FDIC to Reevaluate Regulations Affecting Bank-Crypto Interactions
The FDIC's upcoming board meeting will address regulations that may alter the relationship between banks and cryptocurrency businesses amidst ongoing debanking issues.
The Federal Deposit Insurance Corporation (FDIC) is preparing to evaluate proposed regulations that might affect the operations of cryptocurrency companies amid claims of debanking.
According to a notice issued on Thursday, the FDIC plans to discuss the notice of proposed rulemaking concerning the prohibition of using reputation risk by regulators. Although the agenda does not directly reference debanking associated with digital assets, acting chair Travis Hill has previously condemned regulators for applying reputation risk as a reason to stop certain banks from participating in crypto transactions, which includes allowing clients to transfer money to exchanges.

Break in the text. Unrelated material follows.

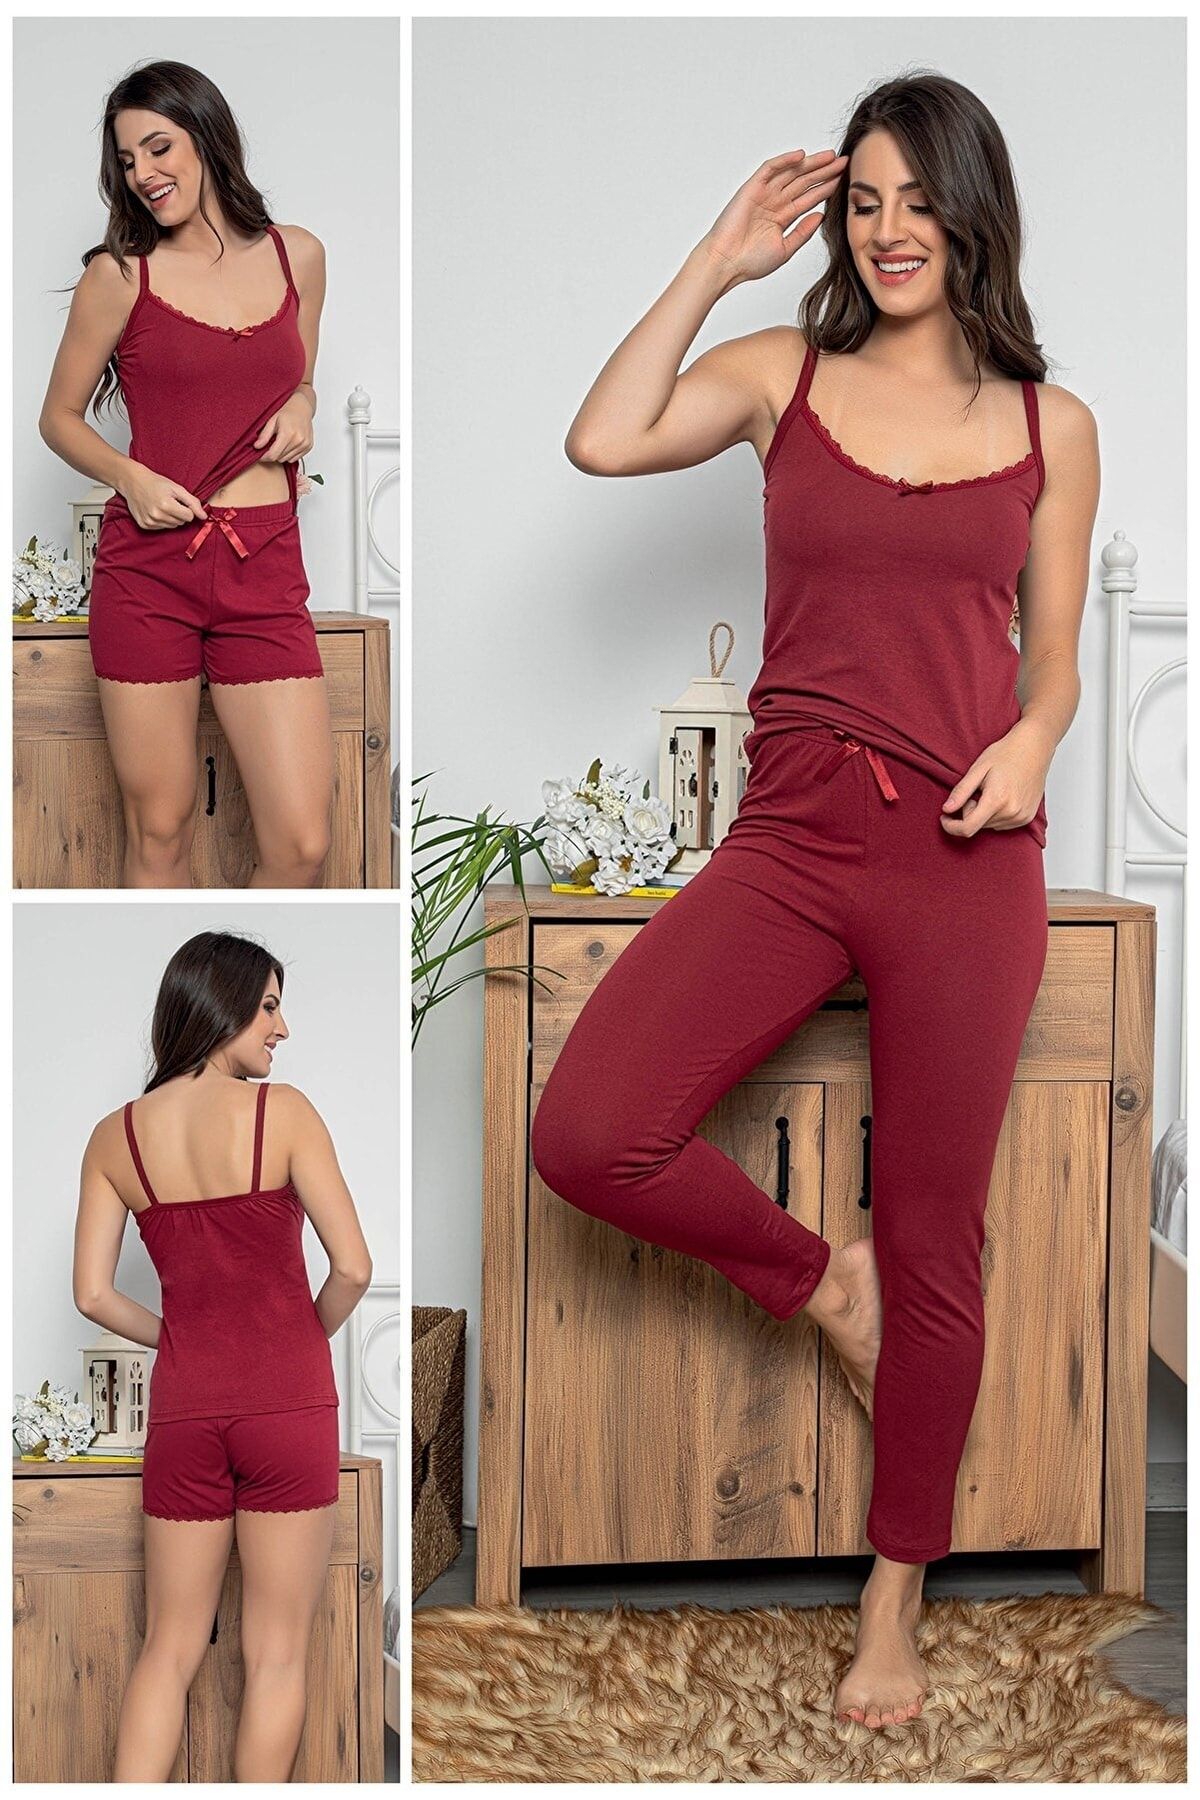 MyBen Kadın Bordo Renkli Dantel Detaylı Şortlu Ve Taytlı Pijama Takımı 3'lü Set 75018

In an executive order titled “guaranteeing free banking” from August, US President Donald Trump referred to reputation risk, asserting that it could lead to “politicized or unlawful debanking.” While this order does not explicitly mention digital assets, the crypto community has long alleged discrimination in accessing US banking services due to a coordinated effort surrounding digital assets.
Documents released in December via a Freedom of Information Act request revealed that the FDIC had directed some banks to suspend all activities related to crypto assets in 2022.
Related: Crypto debanking is ‘still occurring’ as banks stick to Chokepoint policies
Dubbed “Operation Chokepoint 2.0” by some, these alleged practices became a pivotal issue for Trump and his Republican allies during the 2024 election campaign. After Trump’s victory and the appointment of Hill, the acting chair confirmed that the agency would be reassessing its approach towards supervisory practices concerning crypto activities.
In other news, the ongoing US government shutdown, which commenced on Tuesday due to a failure to pass a spending bill, has brought significant disruptions to numerous federal agencies, including the Securities and Exchange Commission and the Commodity Futures Trading Commission. However, the FDIC claims it will continue its operations regardless of the shutdown’s duration.